Боевые рейсы агитмашины

В годы войны мне довелось служить в политотделе одной из армий. Боевой задачей всех политработников нашего отделения была активная и наступательная контрпропаганда среди войск противника. Сюда входило и разоблачение чудовищной лжи о «русских варварах», об «ужасах русского плена», о «происках Кремля против немецкой нации и молодежи» и прочих вымыслах ведомства Геббельса.

Нашим оружием являлась правда о советском народе и его армии. О целях войны, которую мы вели против гитлеровских захватчиков, о гуманном отношении к пленным. С помощью листовок, через окопные рупоры и мощные громкоговорящие радиоустановки (а иногда как парламентеры) мы старались донести слова этой правды до солдат и офицеров фашистского вермахта, призывали их сложить оружие, сдаться в плен.

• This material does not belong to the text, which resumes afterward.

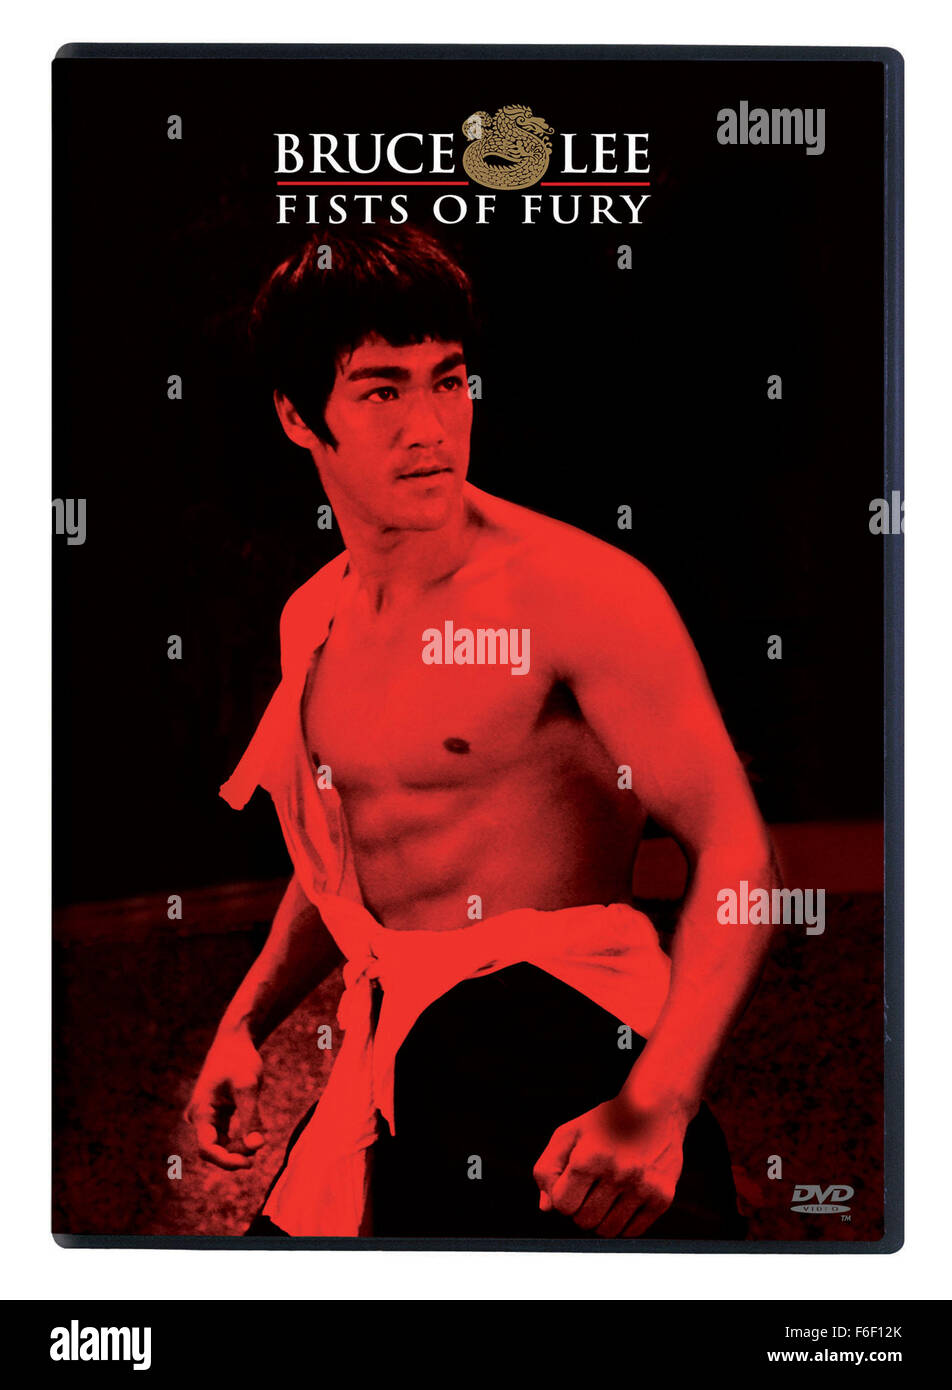 03 Oct, 1971; Hong Kong, China; el legendario actor de artes marciales Bruce Lee estrellas como Cheng Chao-an en el Golden Harvest Company Ltd., el drama de acción "furia". Foto de stock

Судьба свела меня на этой работе с людьми, о которых я сейчас вспоминаю с большой теплотой. Все мы были очень многим обязаны начальнику политотдела нашей армии полковнику Михаилу Харитоновичу Калашнику, опытному партийному работнику. (Позже генерал-полковник Калашник был заместителем начальника Главного политуправления Советской Армии и Военно-Морского Флота.) Известный писатель Эммануил Казакевич, ныне умерший, служил офицером разведотдела штаба армии и тесно сотрудничал с нами.

Давняя дружба связывала меня с недавно скончавшимся бывшим переводчиком нашего отделения Поарма лейтенантом Конрадом Вольфом, сыном выдающегося немецкого писателя-коммуниста Фридриха Вольфа. Вольф был известным кинорежиссером, лауреатом Национальной премии и президентом Академии искусств ГДР. Его автобиографический фильм «Мне было девятнадцать» посвящен последним дням войны.

Мне тоже хотелось бы сейчас, спустя сорок лет после начала войны, вспомнить о том, что произошло в самом конце ее, на рубеже войны и мира, на одном из участков фронта.

* * *

Вечер 1 мая 1945 года… По шоссе Берлин — Бранденбург с большой скоростью мчится на запад маленький трофейный «опель». В машине двое: майор Василий Гришин и автор этих строк. На землю опустились поздние весенние сумерки, но мы едем с погашенными фарами: вроде бы близится мир, да война-то не кончилась.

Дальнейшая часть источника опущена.